Davidson County Court of Appeals 02/08/13
Thomas E. Holub, Jr. v. First Horizon Home Loan Corp. d/b/a First Tennessee Home Loans et al.
M2012-00964-COA-R3-CV
Authoring Judge: Judge Andy D. Bennett
Trial Court Judge: Chancellor Robert E. Corlew, III

The trial court found in favor of the plaintiff on claims that a mortgage company and a title company erroneously encumbered a tract of his property. On appeal, the plaintiff asserts that the trial court erred in declining to award more than nominal damages. Because there is no appellate record for this court to review on the issue of damages, we affirm the decision of the trial court.

Rutherford County Court of Appeals 02/08/13
John Lowell Gulley v.
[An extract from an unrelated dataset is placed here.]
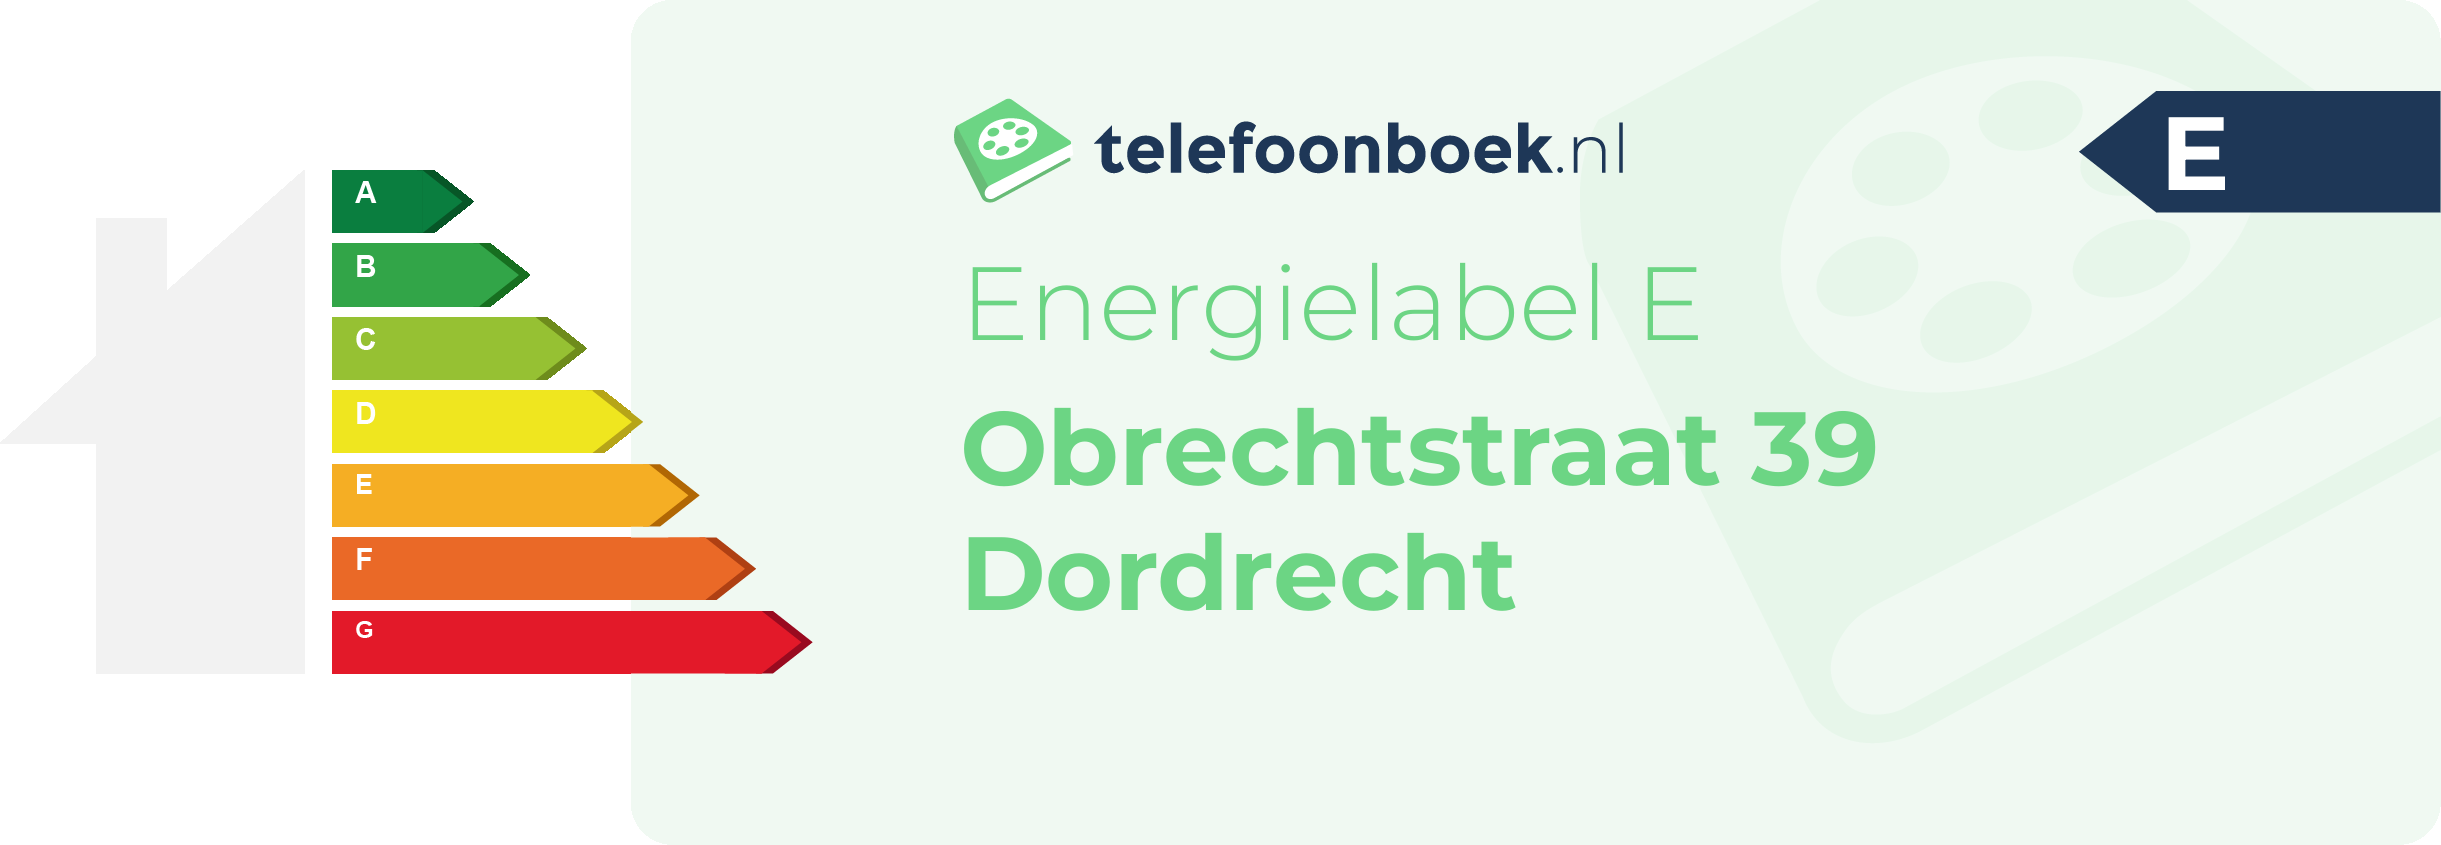 Energielabel Obrechtstraat 39 Dordrecht

Tammy Lynn Fletcher
M2012-00718-COA-R3-CV
Authoring Judge: Judge Andy D. Bennett
Trial Court Judge: Judge Clara W. Byrd

In this child support dispute, the trial court erred in dismissing father’s petition to reduce child support and in finding him to be in criminal contempt.
 

Wilson County Court of Appeals 02/07/13
Molly Rika Hatfield v. Rodney G. Hatfield
M2012-00358-COA-R3-CV
Authoring Judge: Judge Andy D. Bennett
Trial Court Judge: Judge C. L. Rogers

In this appeal from a divorce decree, husband asserts that the trial court erred in its property division and award of alimony. We have determined that the trial court erred in awarding almost all of the marital property to wife and, therefore, modify the property division to award the 401k to husband. We further modify the trial court’s decision in order to change the alimony in futuro to transitional alimony and to reduce the monthly amount.
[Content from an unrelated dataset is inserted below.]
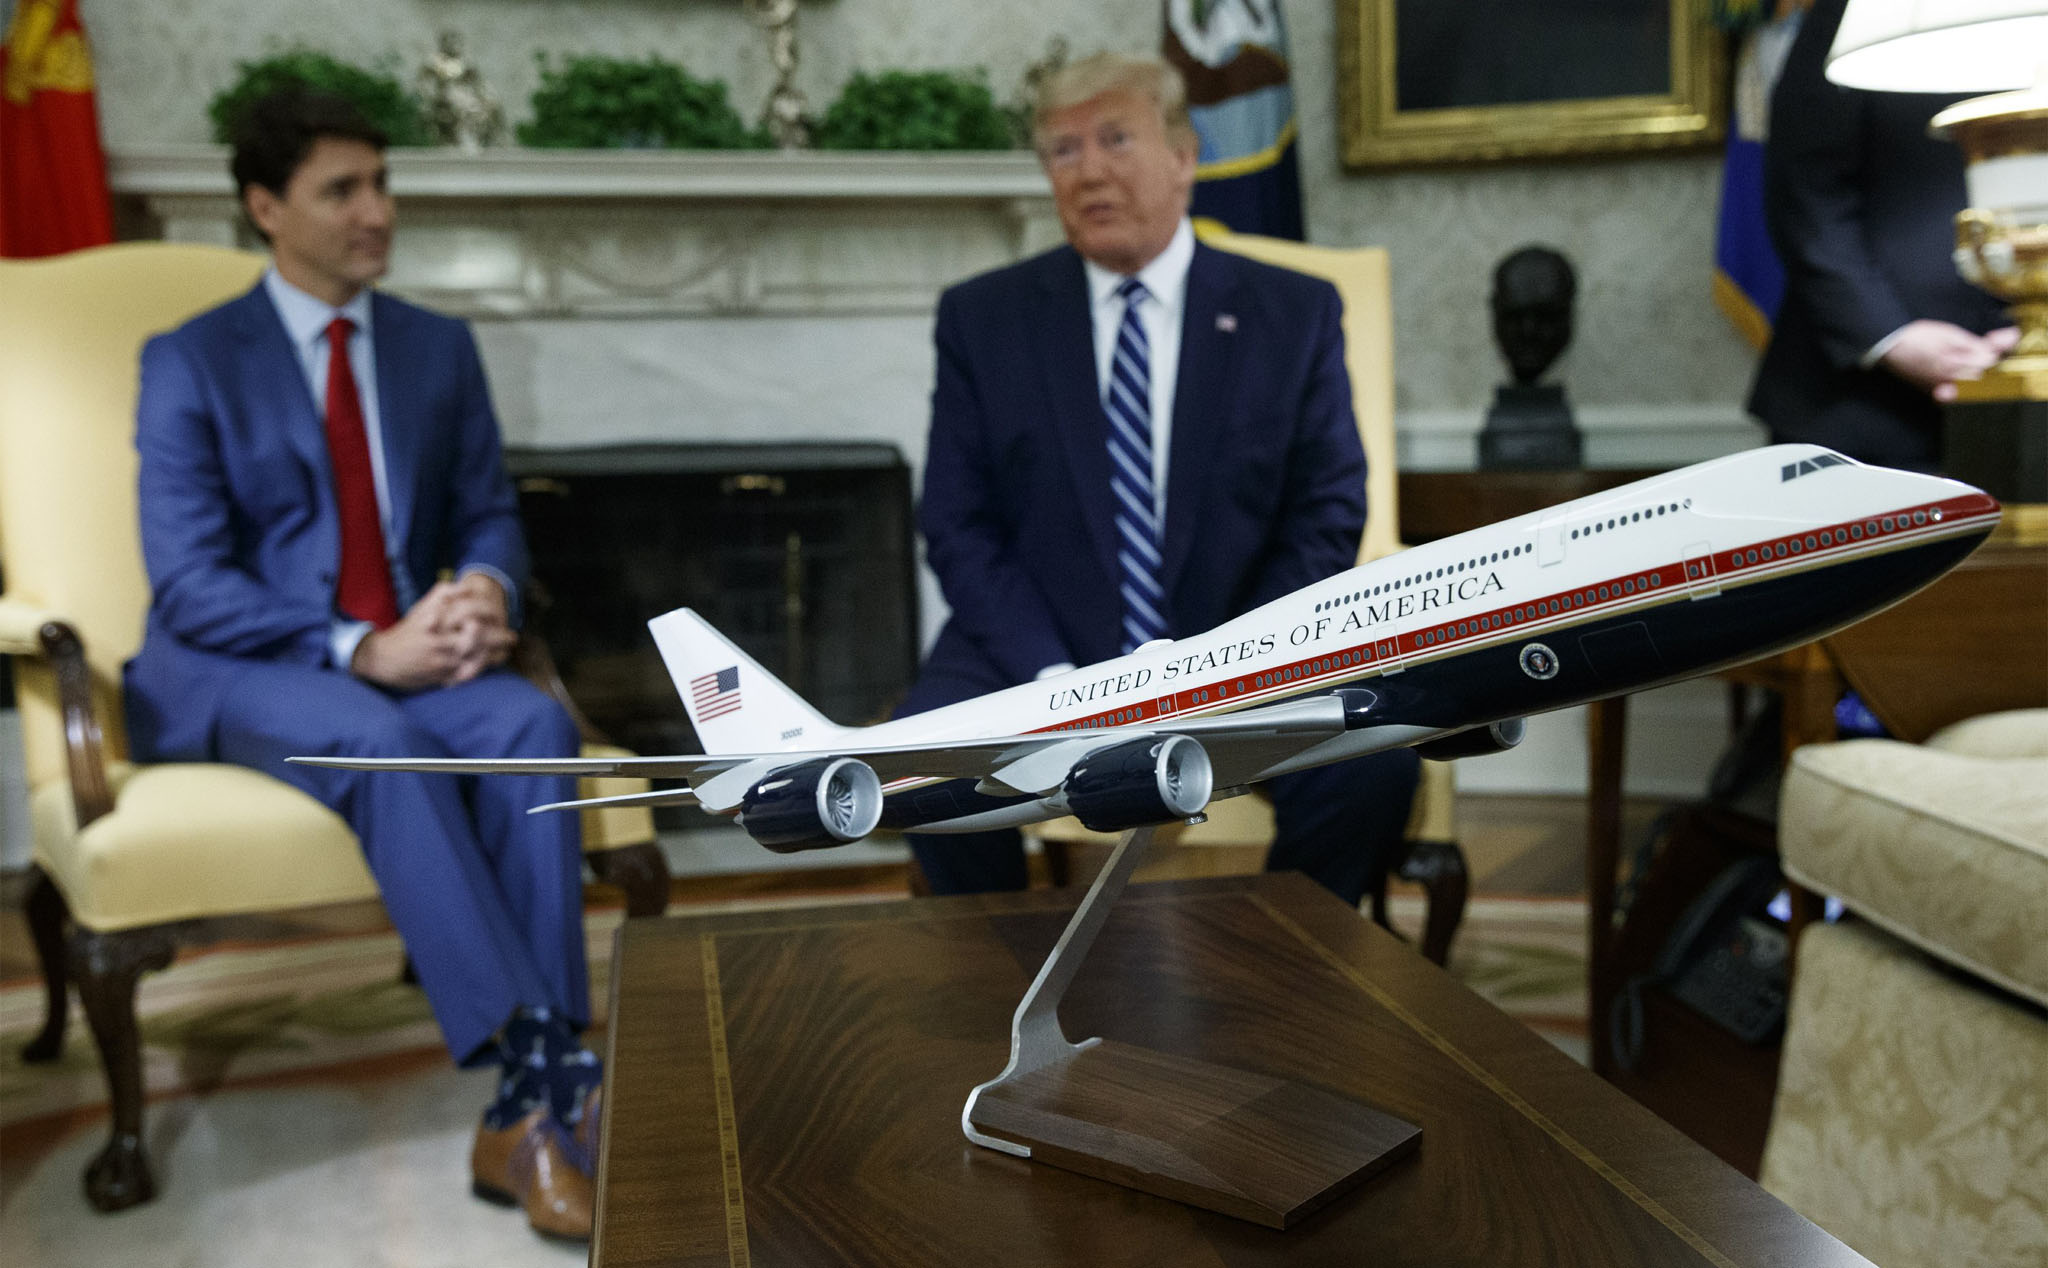 Air Force One của tổng thống Biden được nâng cấp lớn

Sumner County Court of Appeals 02/07/13
Hannah Leah Wade v. Mark Wade
E2012-02612-COA-R3-CV
Authoring Judge: Chancellor Frank V. Williams, III
Trial Court Judge: Per Curiam

The appellant (“Mother”) appeals from an order of the trial court entered on November 27, 2012, which granted the counter-petition to alter or amend the parties’ Permanent Parenting Plan and to relocate to Indiana filed by the appellee (“Father”). The November 27, 2012 order stated that “[a]ll other issues raised” in Mother’s response in opposition to the petition to relocate and counter-petition to modify custody as well as Mother’s initial Motion for Contempt were “reserved for further hearing.” It is clear that the order appealed from does not resolve all issues raised in the proceedings below. As such, the order is not a final order and this appeal is dismissed for lack of jurisdiction.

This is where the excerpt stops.